Sugar's reputation has never been worse. It has been linked to obesity and heart disease - but does this make alternative sweeteners a healthier option?
It depends on who you believe. Though some call sugar sweet poison, that's nothing compared with what many internet sites say about the artificial sweetener aspartame, which has been blamed for everything from vaginal irritation and weight gain to Parkinson's disease and multiple sclerosis. Often used in soft drink, as well as some weight-loss products and yoghurts, aspartame is considered safe by Food Standards Australia New Zealand, except for people with the rare genetic disorder phenylketonuria, for which all newborn babies in Australia are screened.
Artificial sweeteners once linked to cancer in animals, including saccharin and cyclamates, have been given the OK, cautiously, by the World Cancer Research Fund, which says the evidence suggests no ''detectable effect'' on cancer risk.
On the face of it, artificial sweeteners let you have your cake and eat it; a sweet taste without the price of extra kilojoules from sugar. But is it possible they perpetuate and even increase our reliance on highly sweetened foods?
The answer is unclear, but an associate professor in food and nutrition at Deakin University, Russell Keast, thinks artificial sweeteners may leave us hankering after the real thing.
''Besides having receptors for sweetness on our tongue, we also have them through the digestive tract, where they pick up signals telling us that carbohydrate foods are on their way,'' he says.
''But with a food like an artificially sweetened soft drink, you get the sweetness but the carbohydrates never come and the body is saying, 'You promised me energy and it's not here.' The body may feel cheated, which drives appetite or increased hunger.''
Whether this happens with foods that contain carbohydrates, such as artificially sweetened yoghurt, isn't clear.

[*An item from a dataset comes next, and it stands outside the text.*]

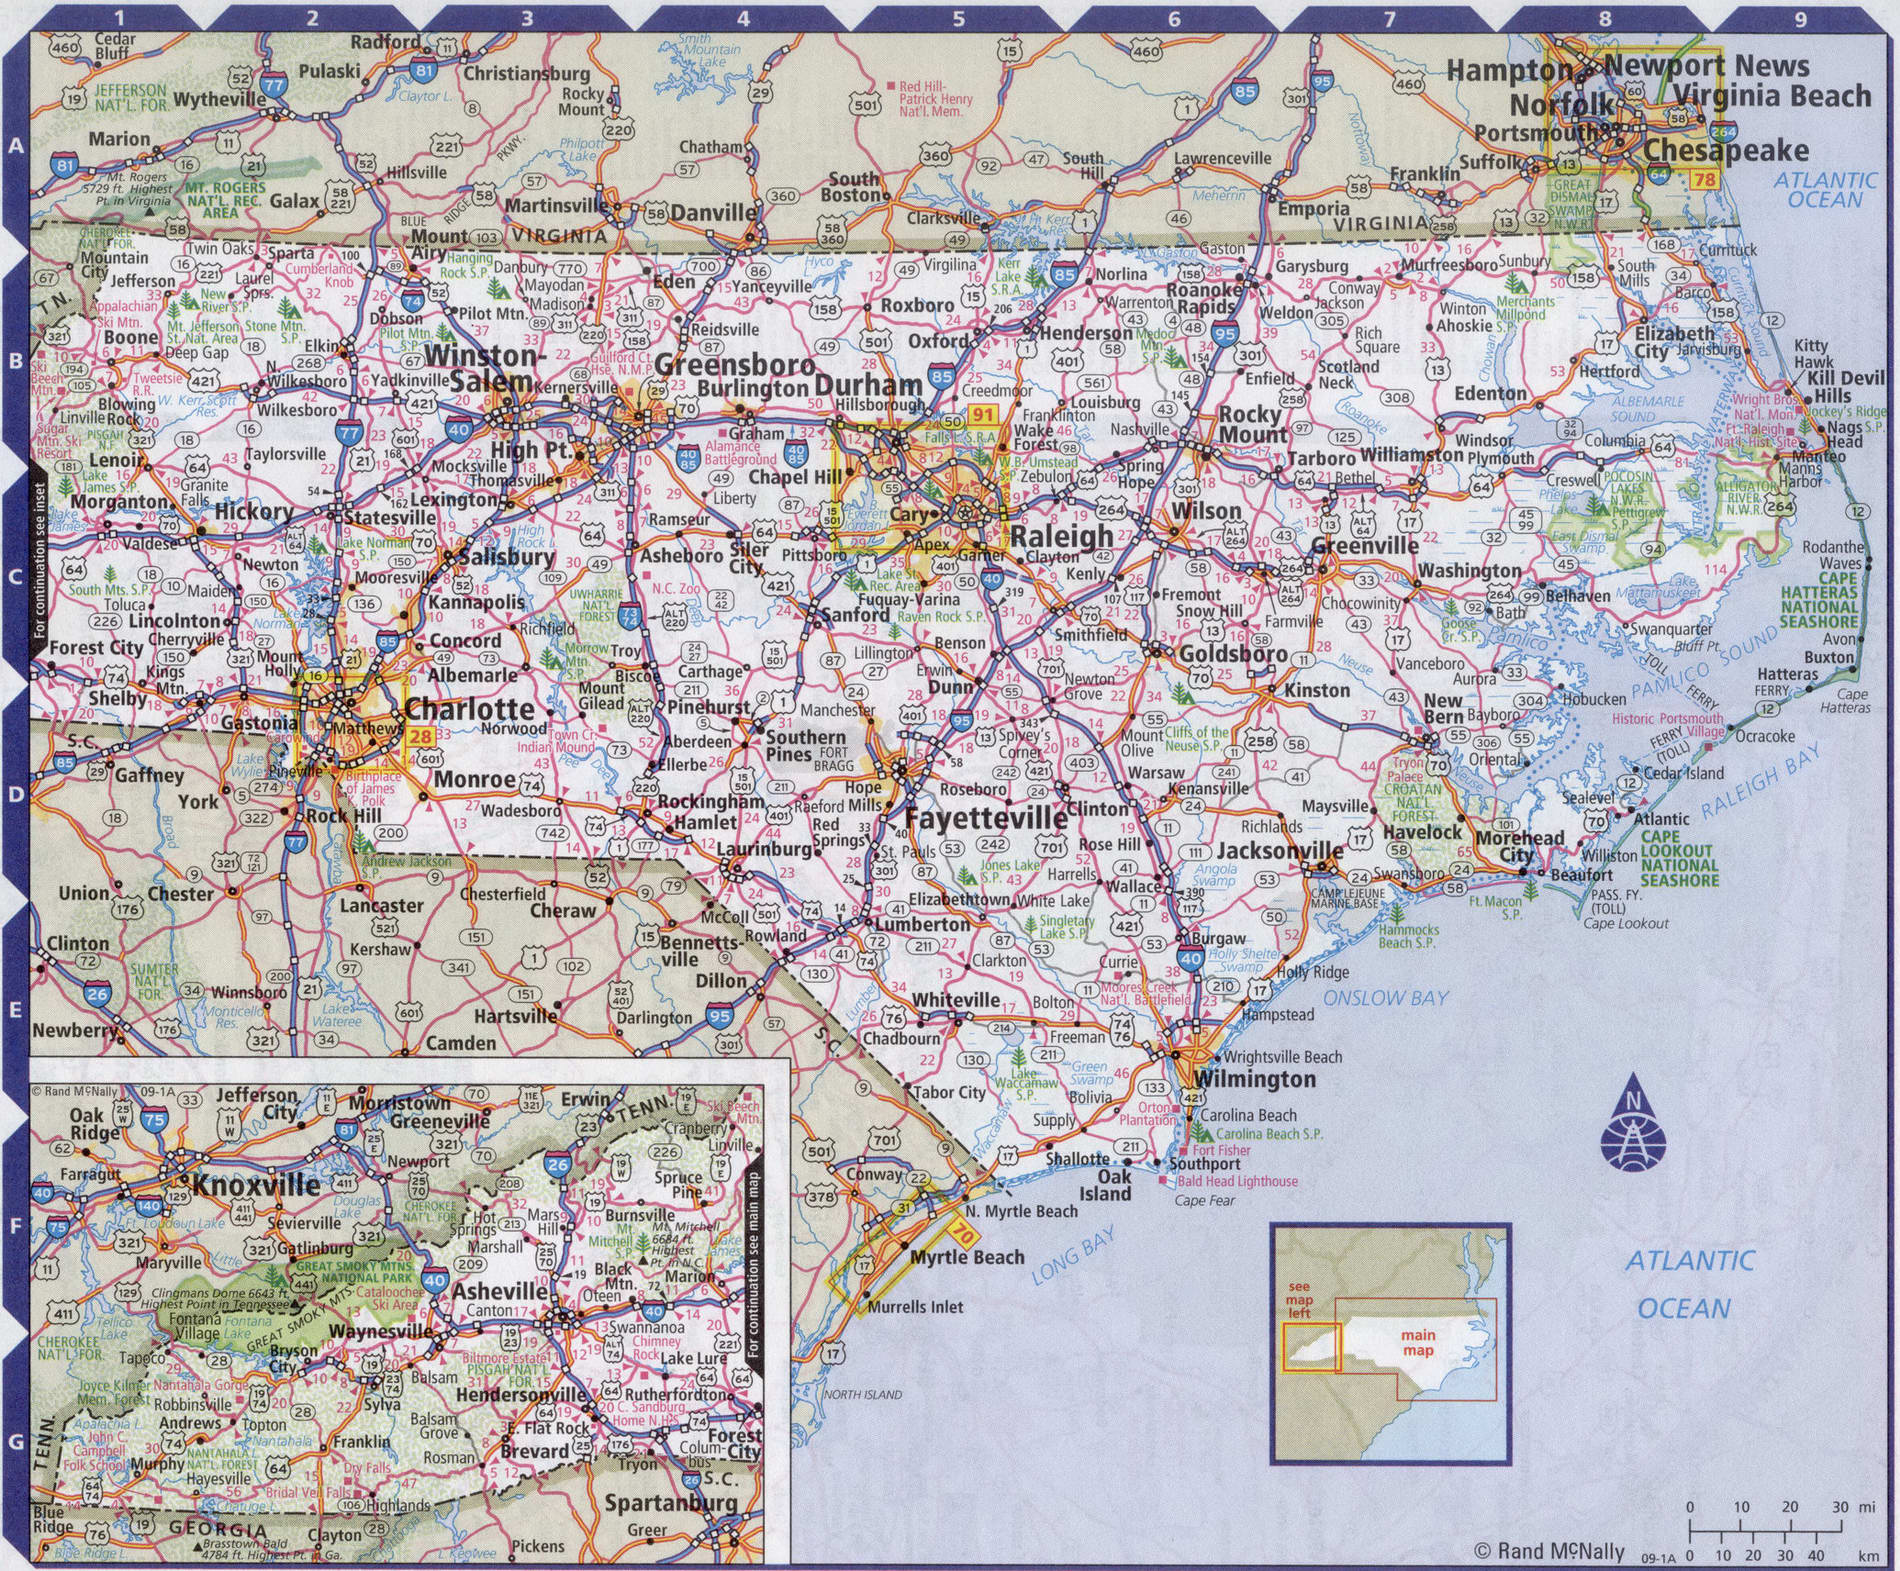 printable-maps-of-north-carolina

If you want to eat less sugar and also avoid artificial sweeteners, there is a middle road: stevia, a plant-based sweetener. It is so intense - 290 times sweeter than sugar - that it takes only a tiny amount to sweeten food (though it does have an odd aftertaste).
I have been trialling stevia this week with mixed results. For sweetening your cocoa with fewer kilojoules, stevia hits the spot.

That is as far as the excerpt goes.